My point isn't that John and Sherlock are romantically involved here. For early seasons, this episode has a decided lack of romantic subtext. But they do seem to be functioning as a romantic couple, sans the romance and sex. It's almost as if they're trying to say romance isn't the defining factor of the kind of relationship that defines a life, gives it structure. As if the hard distinction we draw between romantic partners and platonic friends isn't always so tidy.
All of which makes the pool scene at the episode's end very interesting indeed. The way Jim describes their relationship, it does feel very much akin to romance. "People do get so attached to their pets." I have no doubt that Sherlock came to the pool just to play with Moriarty over the jump-drive (okay, I have some doubts because I personally headcanon this whole scene as being an attempt by Mycroft and Sherlock to trap Moriarty, but that's a long story).

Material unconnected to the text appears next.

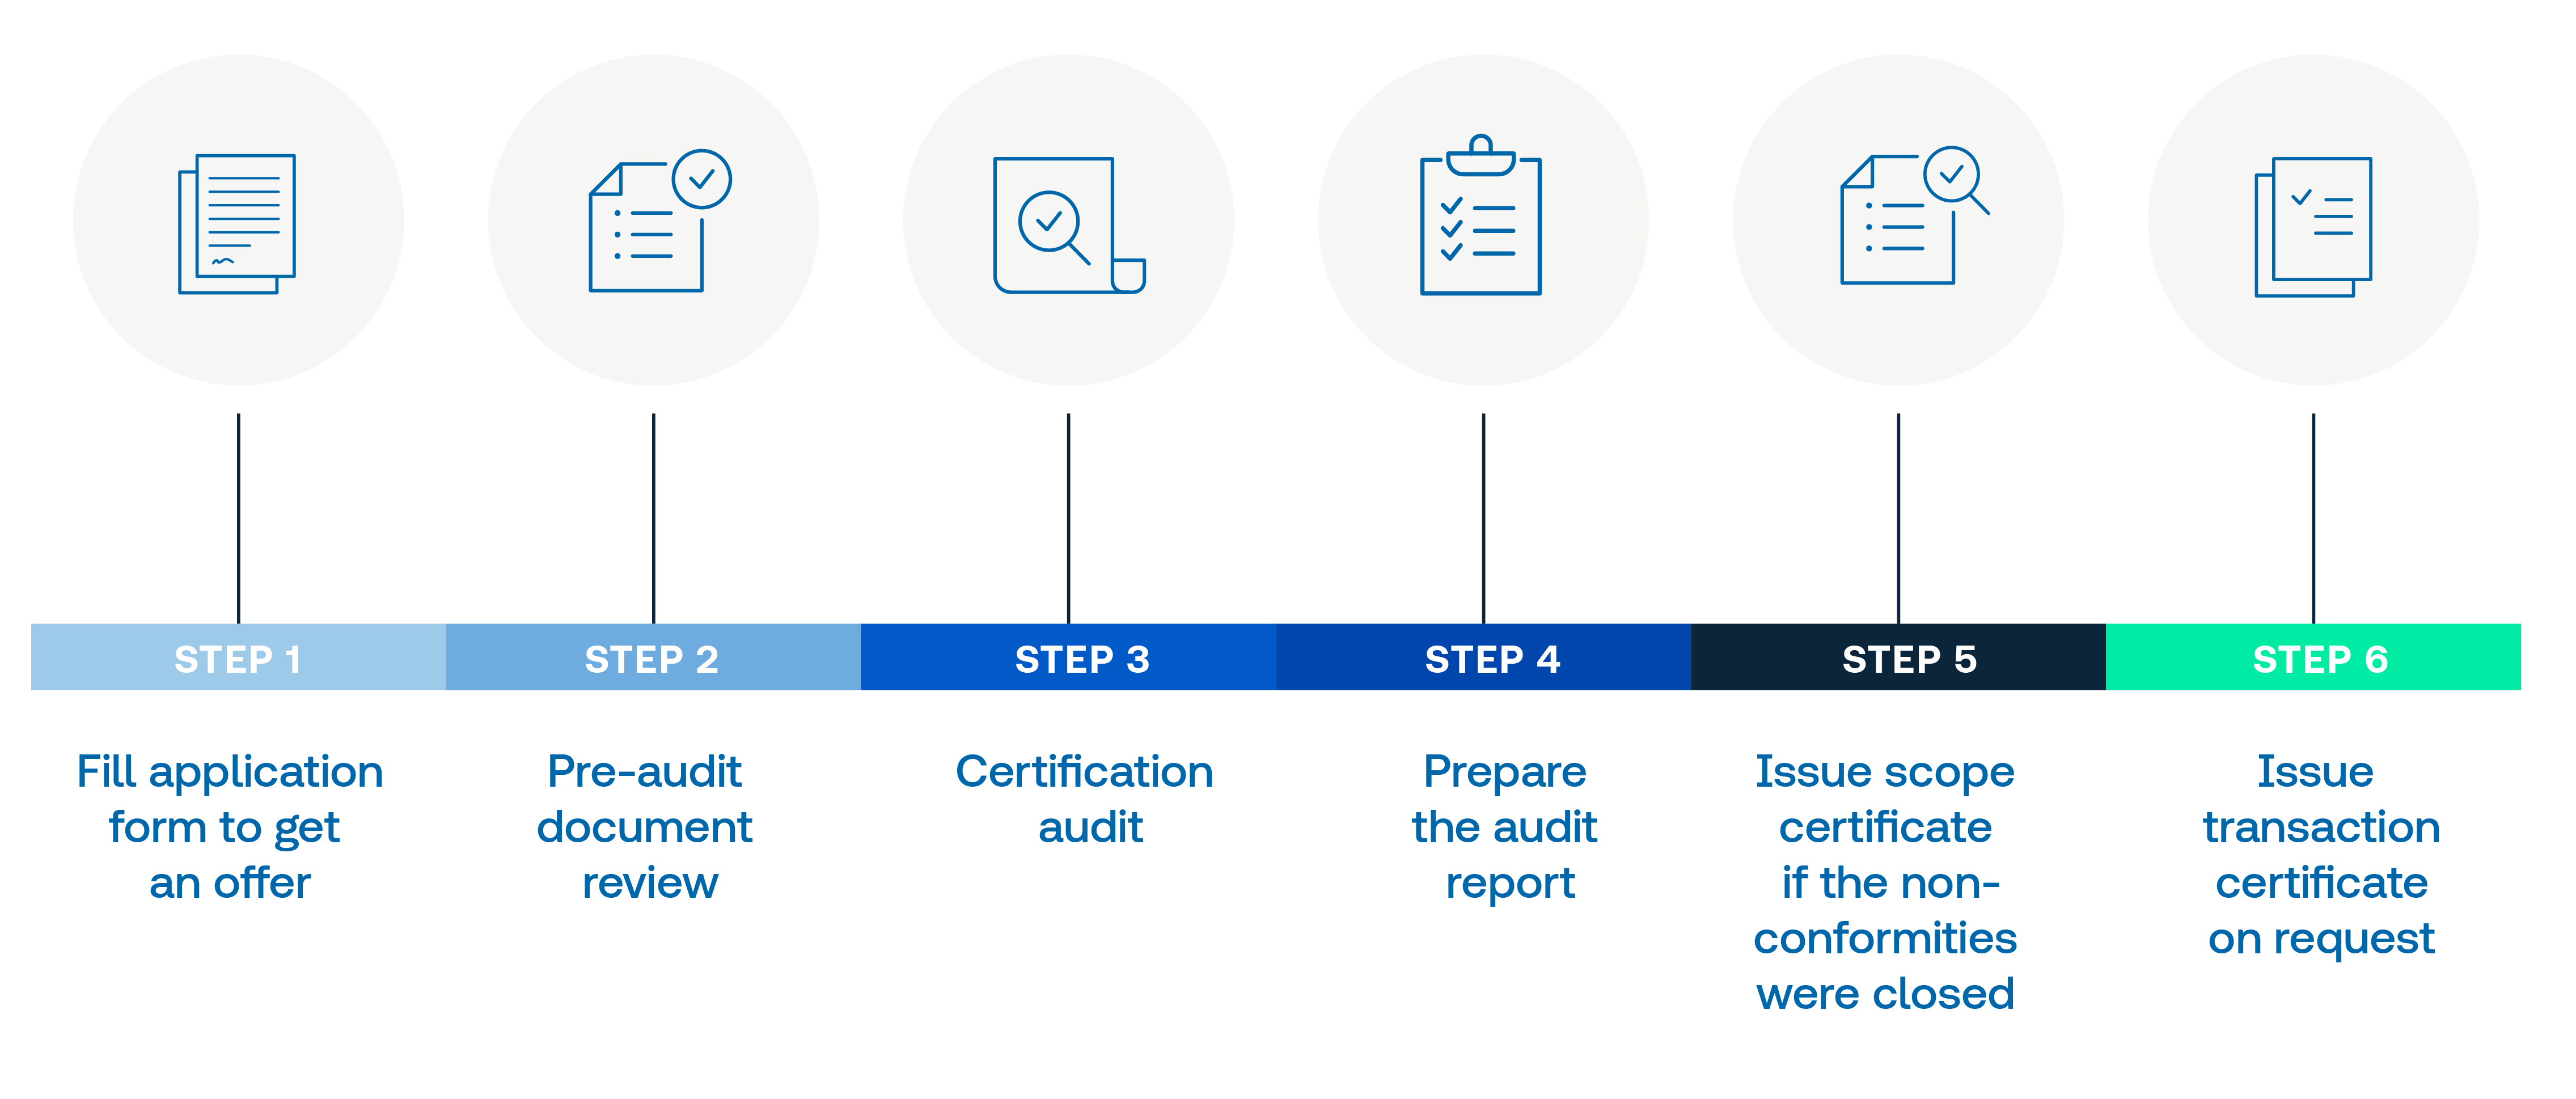 RCS AND GRS CERTIFICATION WORKFLOW

That said: when John shows up it becomes something else entirely. Look at the nervous energy, the on-edge almost manic reaction to getting John out of danger; this is no longer a game, and certainly not an engagement where the hostage is unimportant.
And when John delivers that famous line about "people will talk," all resistance does seem to have gone out of him. It's almost like he's playing a role, much like Sherlock is when he uses his uncaring-machine persona elsewhere. But the impression I'm left with here isn't one of romance, it's of a close connection that others would label as romance: as love full-stop, without the distinction.